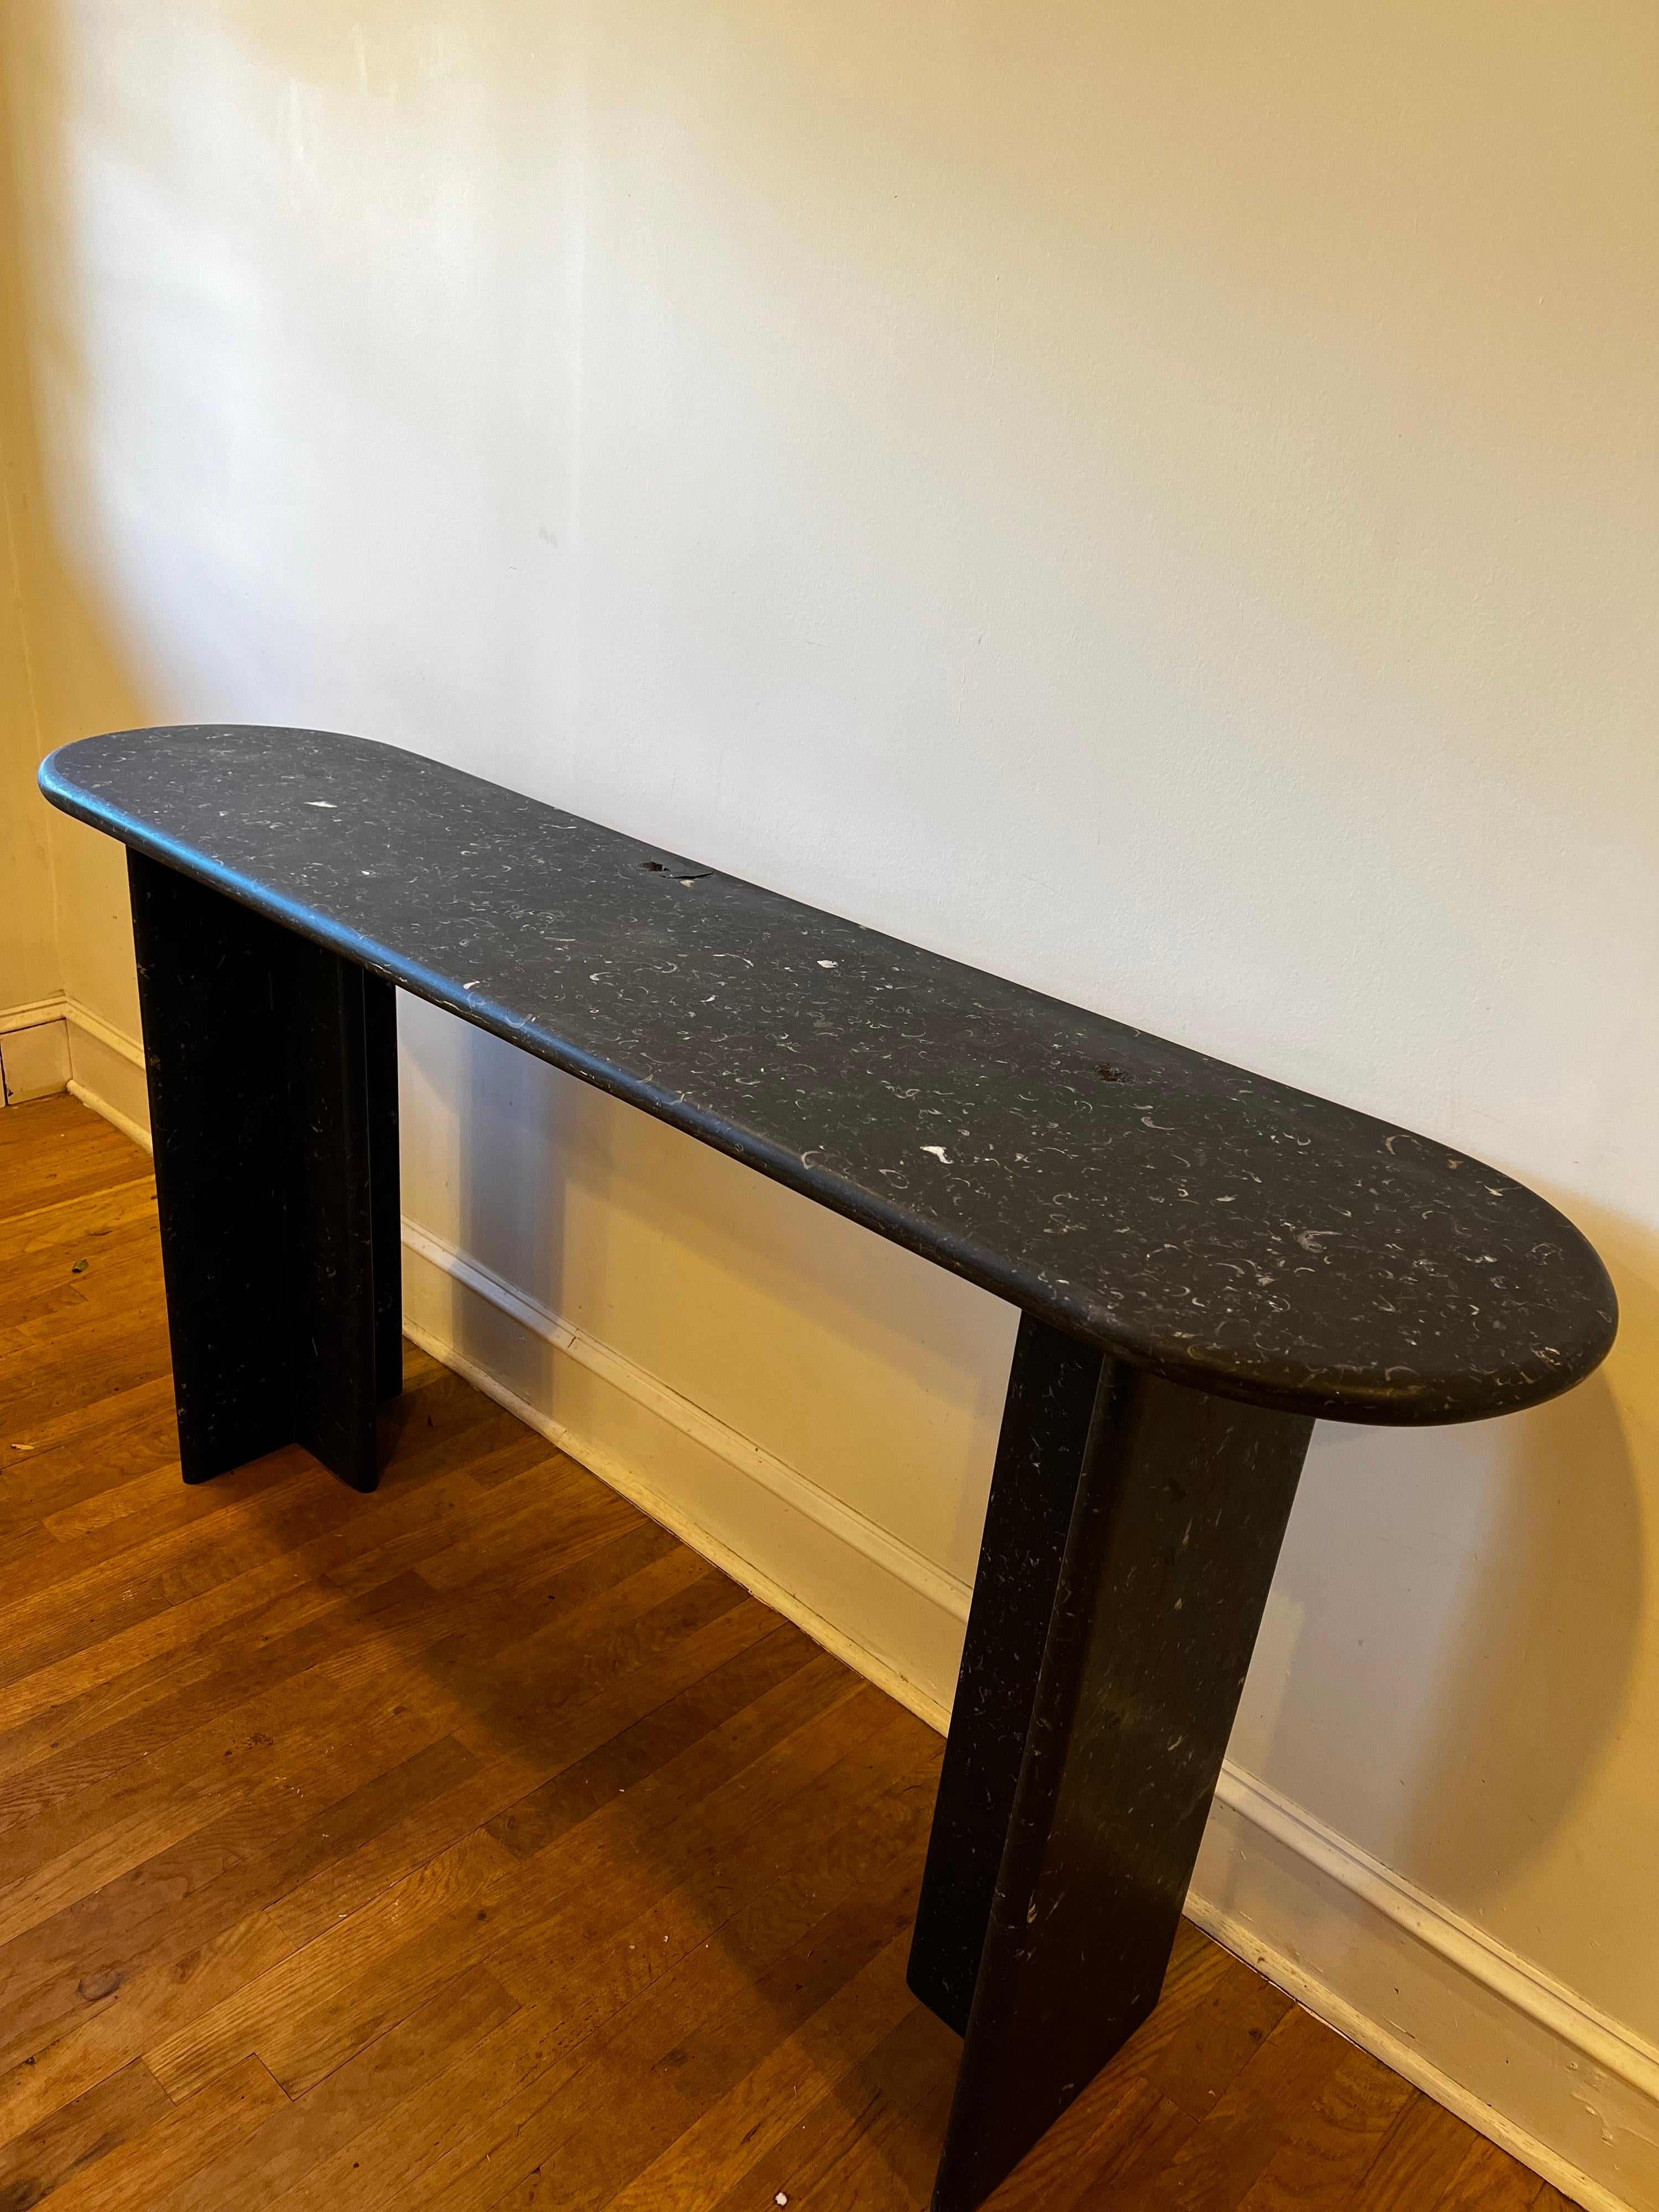 Vintage Mid Century Modern/Art Deco Black Marble Console Table. 
Three pieces include two legs and top. 

Top has curved edges as well as each leg giving it a modern/contemporary style.
Imported from Colombia. 

Matching end table available.

* **Exercise**:
Retype every entry verbatim and exclude the pictures from the copy.

* **Reply**:
 Vintage Mid Century Modern/Art Deco Black Marble Console Table. 
Three pieces include two legs and top. 

Top has curved edges as well as each leg giving it a modern/contemporary style.
Imported from Colombia. 

Matching end table available.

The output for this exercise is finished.